= AIM OF THE EXERCISE =
Print every line of the listing below, starting with the line that holds "AI (Inteligencia Artificial)" and going on through the line that holds "Möbel - Sofas", both included, and print nothing else.

= INPUT DATA =
□ □ □ □ □ □ □
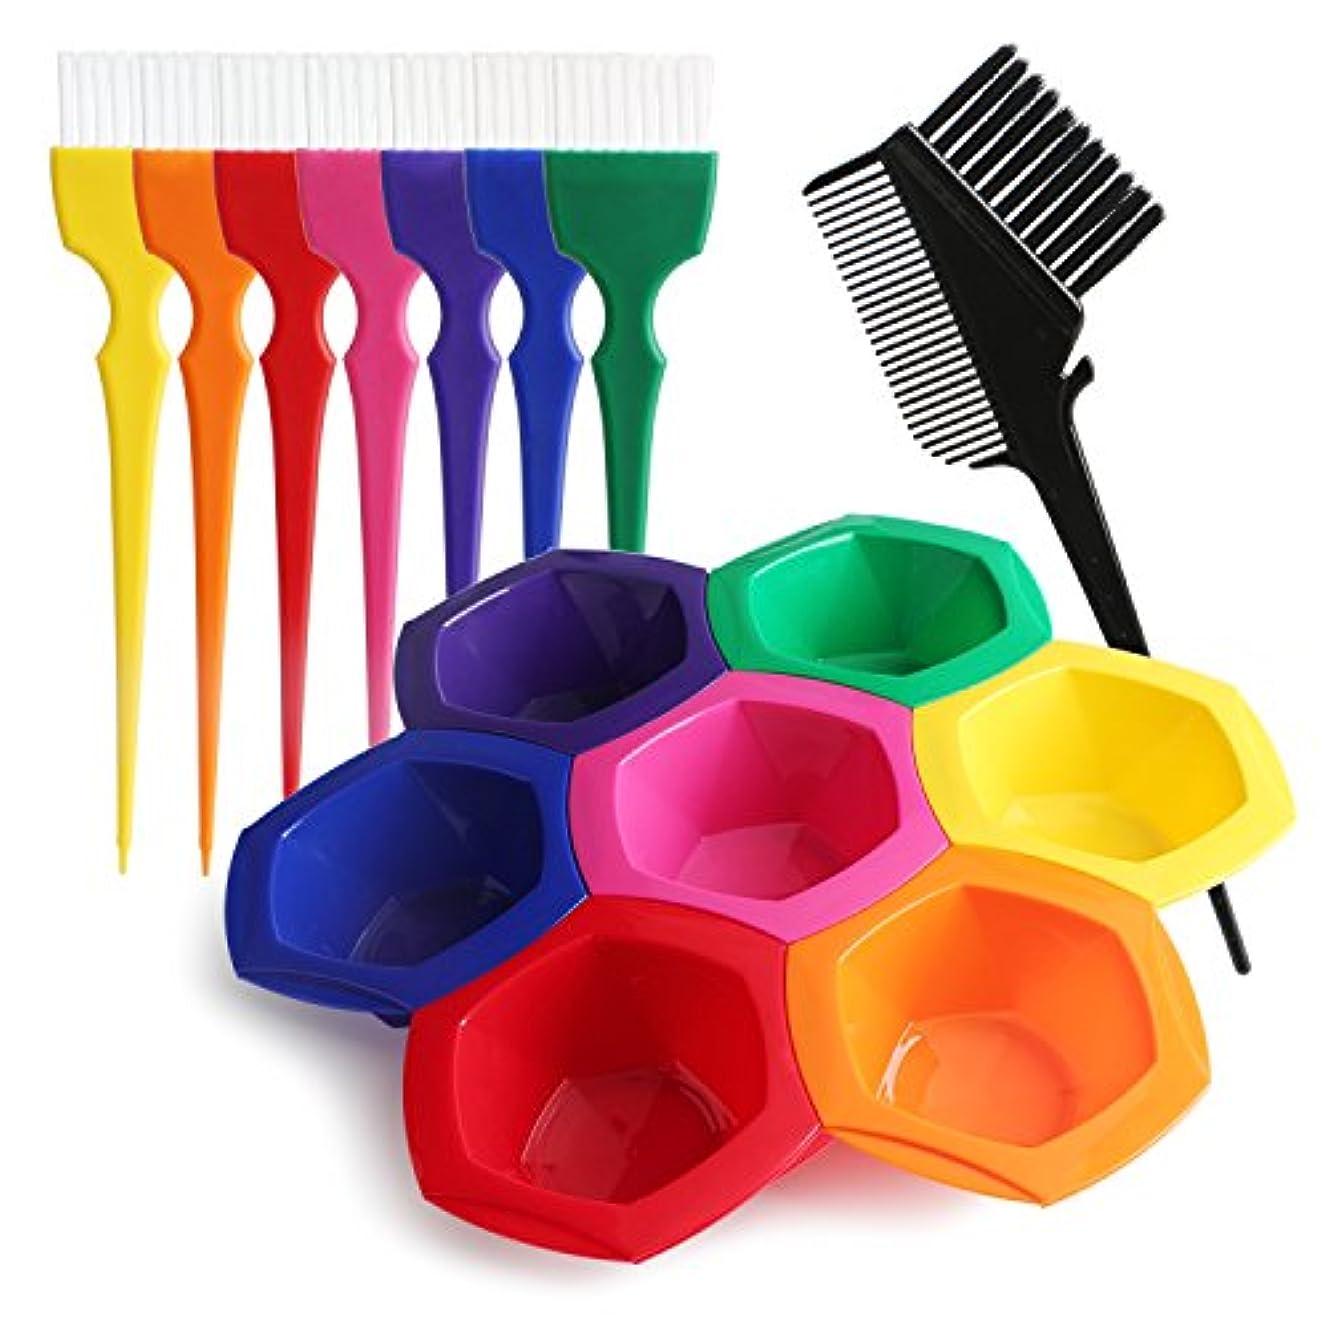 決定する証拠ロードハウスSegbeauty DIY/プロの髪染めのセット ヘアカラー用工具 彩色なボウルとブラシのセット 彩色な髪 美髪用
□ □ □ □ □ □ □
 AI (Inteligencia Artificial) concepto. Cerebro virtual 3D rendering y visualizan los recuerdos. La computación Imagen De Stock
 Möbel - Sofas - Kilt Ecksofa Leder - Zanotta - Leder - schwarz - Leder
□ □ □ □ □ □ □
= WRITTEN RESPONSE =
 AI (Inteligencia Artificial) concepto. Cerebro virtual 3D rendering y visualizan los recuerdos. La computación Imagen De Stock
 Möbel - Sofas - Kilt Ecksofa Leder - Zanotta - Leder - schwarz - Leder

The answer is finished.